We further analyze sensitivity to data availability and privacy strength. Figure 3 reports MSE trends as N increases under ϵ = 1 . Figure 4 explores the privacy–utility trade-off by varying ϵ from 0.1 to 1 at fixed N = 5000 .
Figure 3 shows that increasing N consistently reduces MSE across all methods. While non-private estimators converge stably, private gradient-based methods exhibit volatility at moderate sample sizes. In contrast, DP-FW scales smoothly with N, confirming that bounded optimization effectively suppresses gradient sensitivity and facilitates the efficient use of additional data.
Figure 4 demonstrates the privacy–utility trade-off. As ϵ increases, all private methods benefit from reduced noise, but DP-FW shows a markedly smoother improvement curve. This stability arises from the controlled gradient domain, which ensures that injected perturbations scale predictably with privacy level. The result is better utility per unit of privacy budget—a critical advantage in practical applications.
Small-Sample Robustness
Small-sample scenarios are common in specialized efficiency analysis applications where data availability is inherently limited, posing a greater challenge for differentially private methods due to the amplified effect of injected noise.
To examine robustness, we conduct experiments with N { 50 , 100 , 150 } under ϵ = 1 , including DP-Bayesian methods for comparison. The results are summarized in Figure 5 and Table 2.
Table 2 and Figure 5 reveal several key insights. As anticipated, all methods show improved accuracy with increasing sample size. However, our proposed framework demonstrates superior robustness. Notably, at N = 100 , DP-FW achieves a good performance for structural parameters, which is comparable to the non-private SGD method.
This counterintuitive result—where private methods occasionally outperform non-private alternatives—arises from two complementary mechanisms. First, gradient descent methods exhibit a higher variance in small-sample settings, potentially leading to overfitting or unstable convergence paths. Second, bounded-domain optimization combined with calibrated perturbation provides implicit regularization effects that can improve generalization performance when data are limited.
Privacy–Utility Trade-Off
Building upon the previous analysis of sample size effects under a fixed privacy budget, we now examine how model performance changes with varying privacy parameters ϵ .
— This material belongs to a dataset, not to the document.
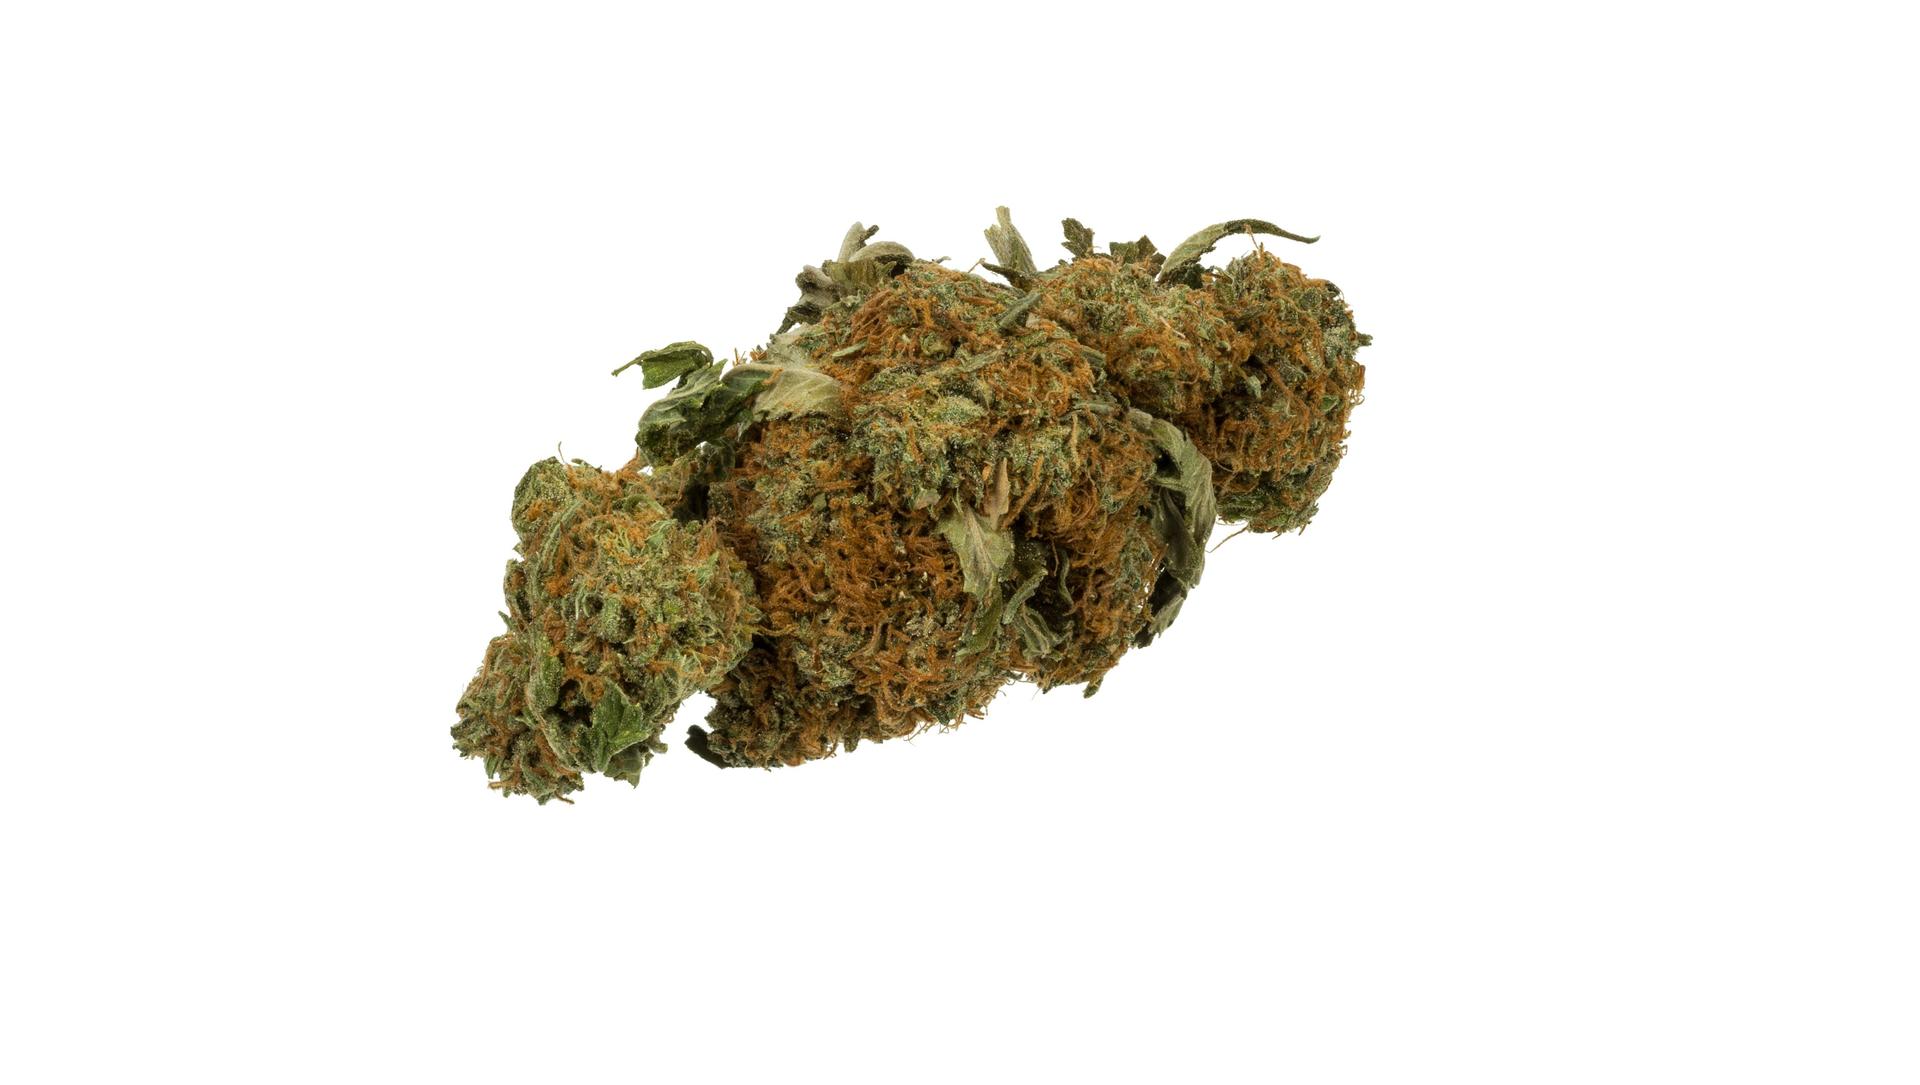 Dried cannabis bud

Figure 6 reports the MSE of differentially private estimators as the privacy budget ϵ varies. Unconstrained DP-SGD exhibits inflated MSE and instability under tight privacy constraints, reflecting the difficulty of controlling gradient sensitivity in high-dimensional settings. In contrast, both Bayesian approaches and DP-FW remain substantially more stable across privacy levels. Importantly, DP-FW consistently achieves a lower MSE than Bayesian alternatives, as well as displaying smoother improvements as ϵ increases.
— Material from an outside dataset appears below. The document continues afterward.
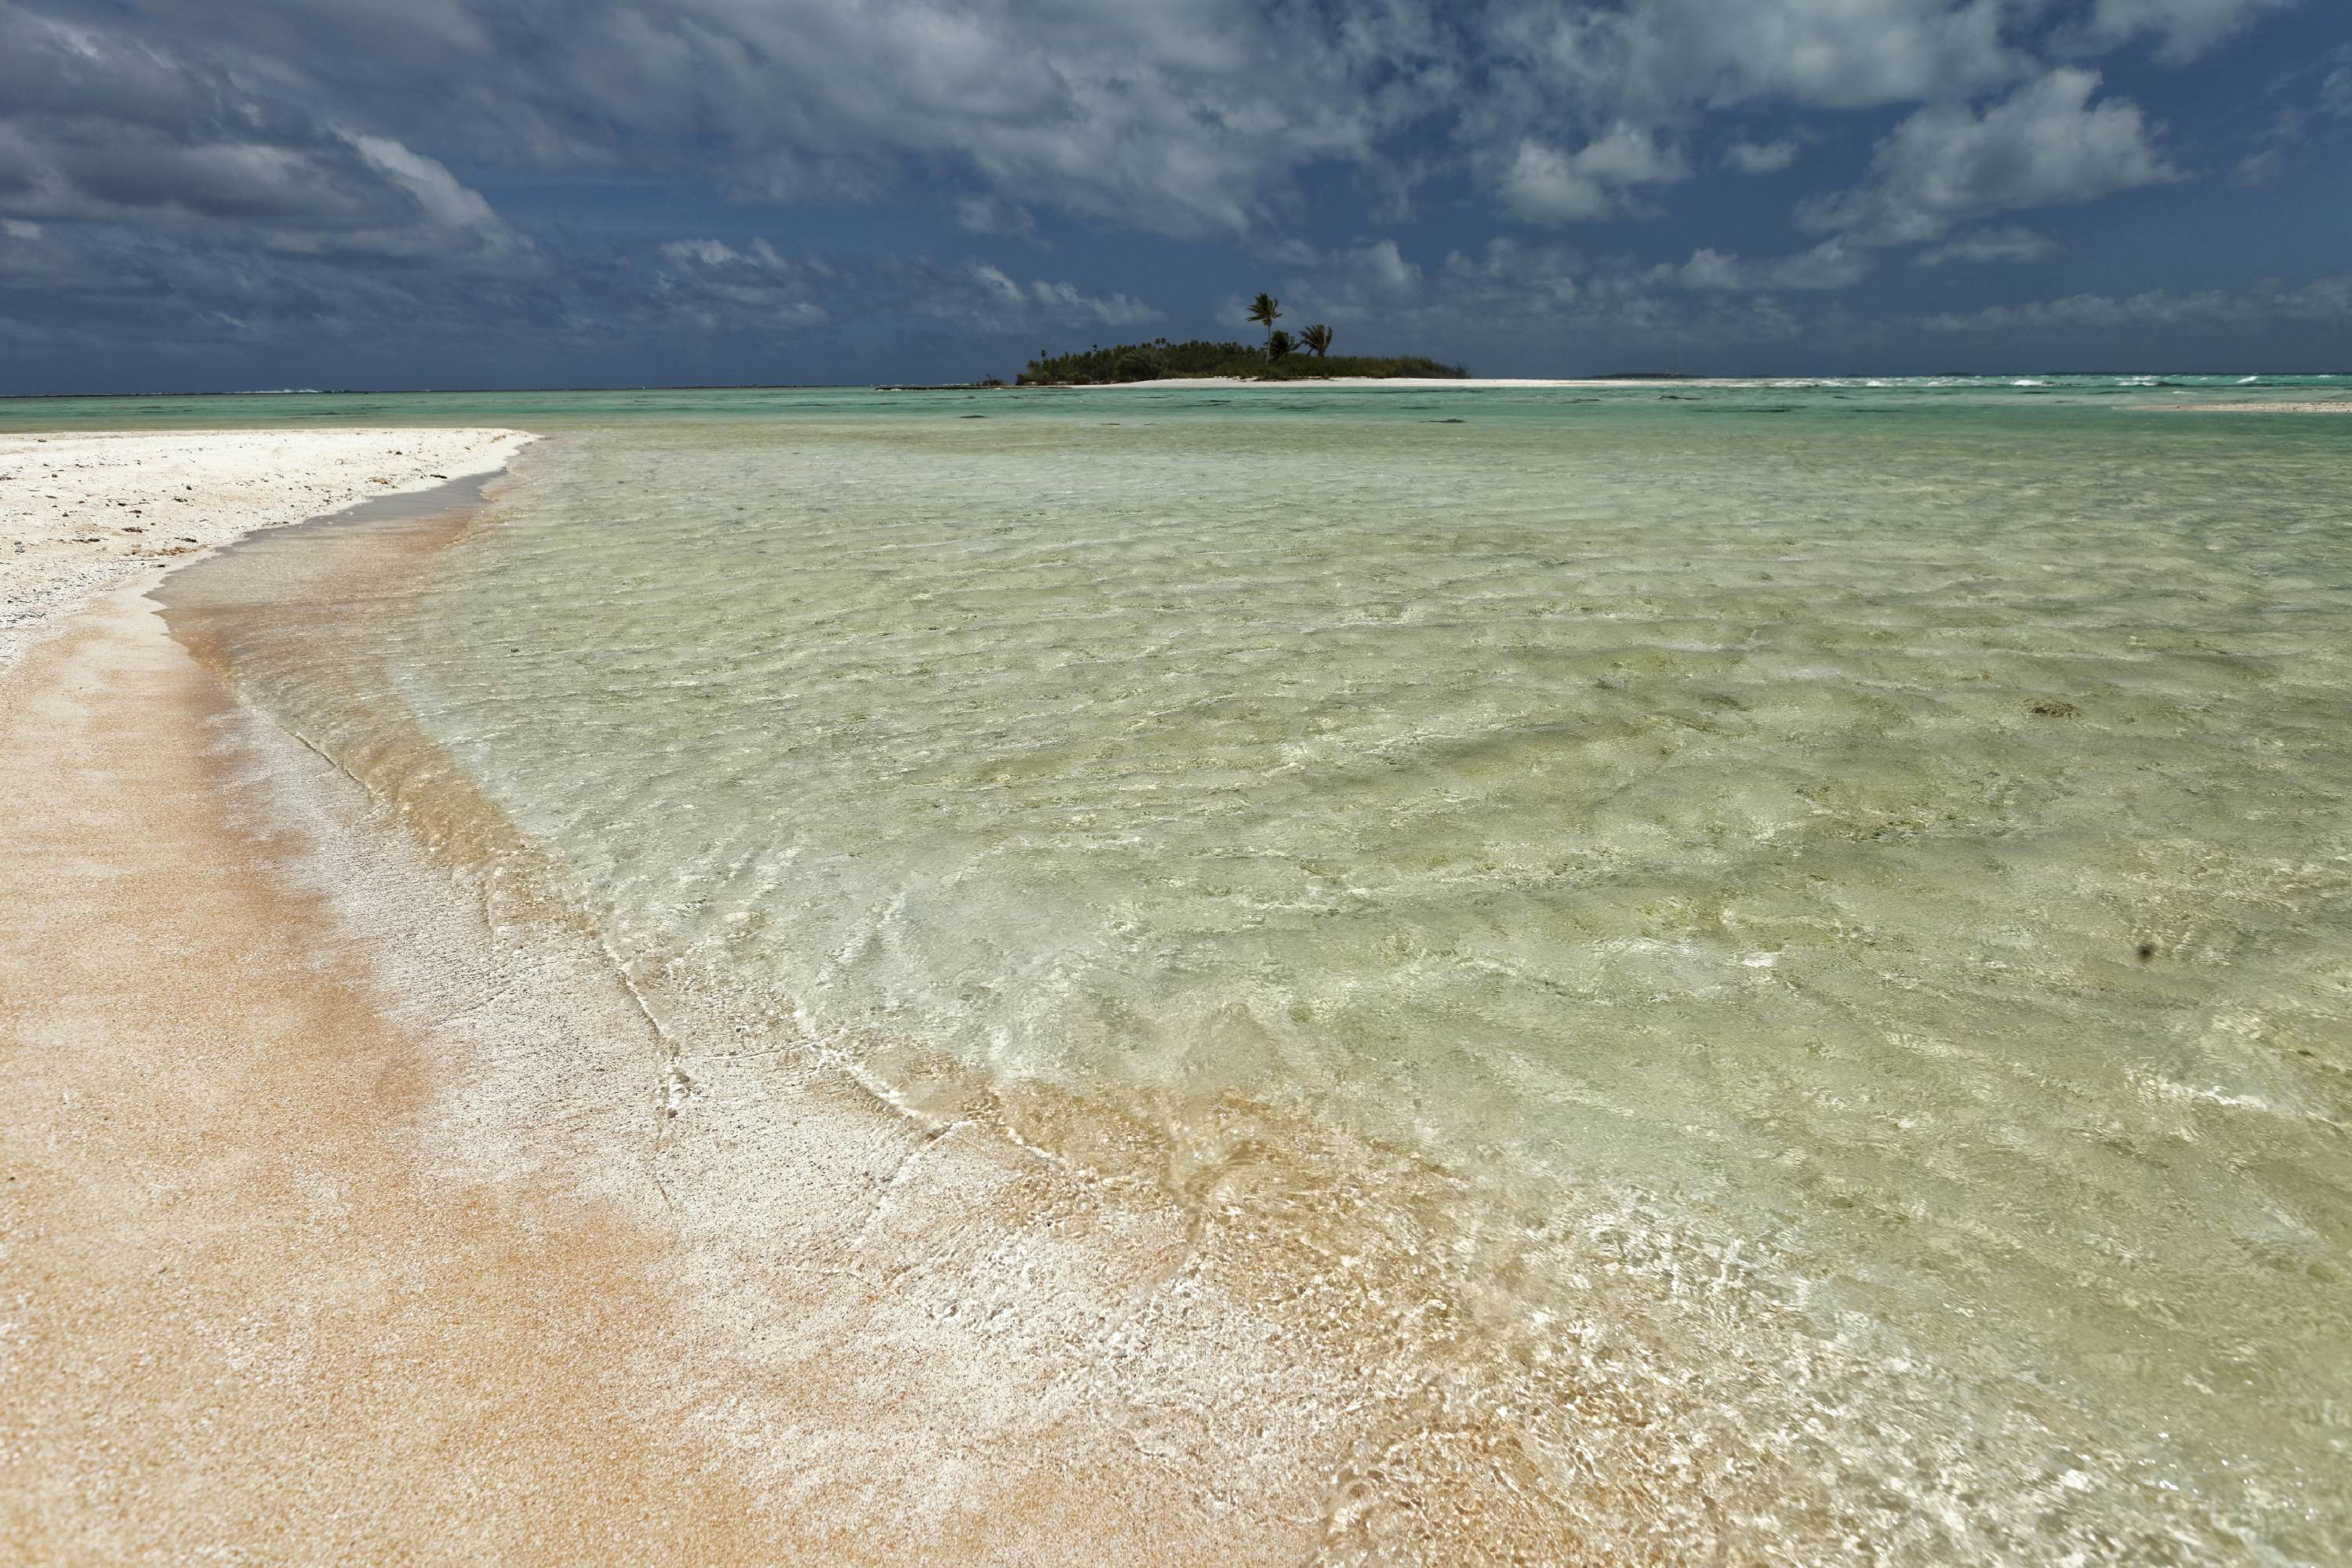 Les sables roses, Fakarava, Tuamotu - Drone Photography

Taken together, these results highlight how bounding the optimization domain translates into predictable sensitivity and improved variance control. Although differentially private estimators inevitably lose some efficiency relative to their non-private counterparts due to noise injection, DP-FW mitigates much of this loss by converting perturbation into a form of implicit regularization. The benefits are most pronounced in challenging regimes—small sample sizes, high-dimensional covariates, and stringent privacy budgets—where domain constraints and calibrated noise jointly stabilize estimation, narrow the gap to non-private baselines, and consistently outperform alternative private methods.

3.2.2. Variable Selection

This subsection evaluates the variable selection performance of our proposed DP-FW-Lasso in high-dimensional sparse settings, providing original evidence of its effectiveness under privacy constraints.
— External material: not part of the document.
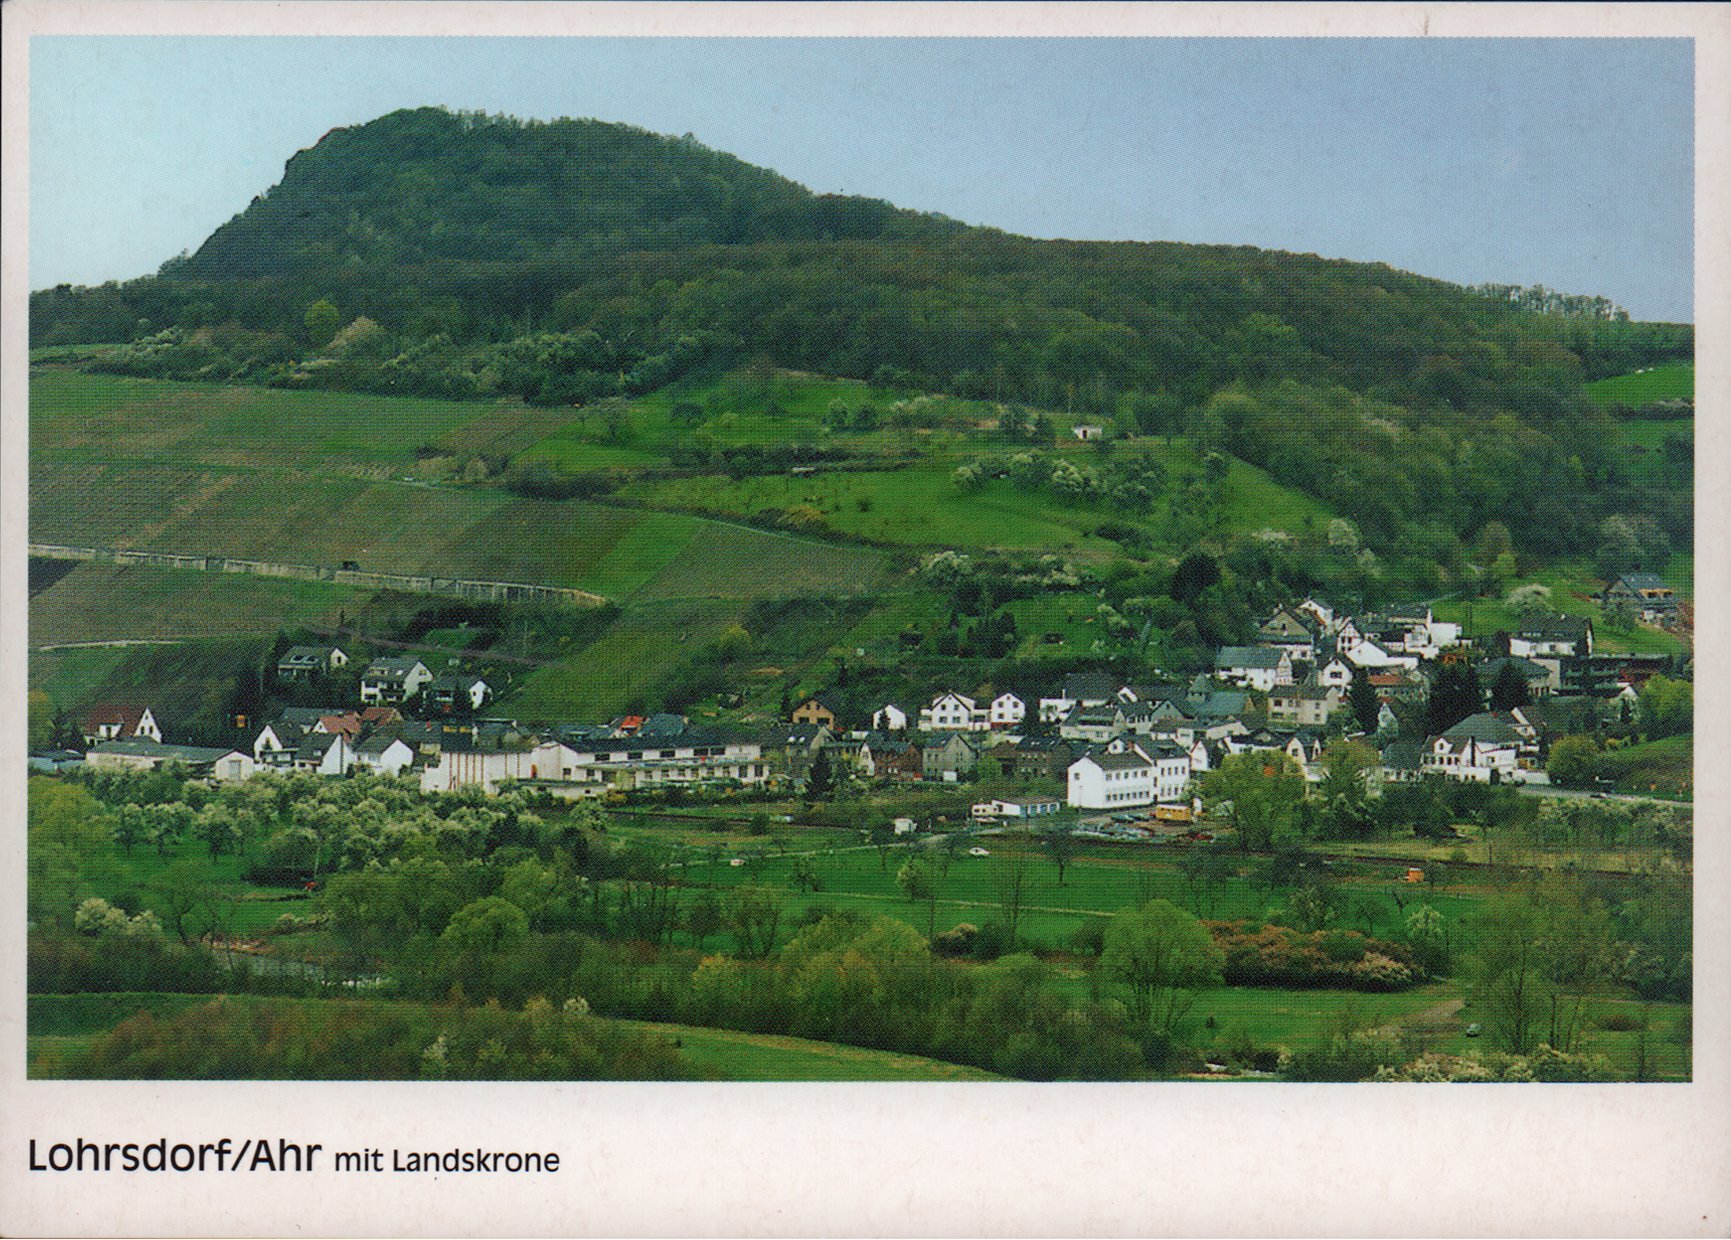 Ansichtskarte "Lohrdorf/Ahr mit Landskrone" (Norbert Becker, Lohrsdorf CC BY-NC-SA)

We consider a design with p = 500 predictors, of which only s = 6 coefficients are non-zero; these are randomly set to ± 1 . To promote sparsity, we incorporate LASSO regularization into both the non-private Frank–Wolfe estimator and its private counterpart (DP-FW-Lasso). This integration is natural, as Frank–Wolfe directly accommodates l 1 -type constraints. As a non-private benchmark, we include Adaptive LASSO (ALasso) with MLE, which is well known for its variable selection consistency. We deliberately exclude a private version of ALasso, as its reliance on accurate initial estimates and iterative reweighting amplifies the effects of privacy-induced noise, reducing stability and complicating privacy budget allocation. In contrast, standard LASSO is more amenable to privacy-preserving optimization, ensuring both computational tractability and stability.
Hyperparameters were tuned using the Bayesian Information Criterion (BIC) and 5-fold cross-validation. Performance was assessed using TPR, FPR, SSE, and MSE. Table 3 reports the results for N = 5000 and ϵ = 1 , with graphical comparisons provided in Figure 7.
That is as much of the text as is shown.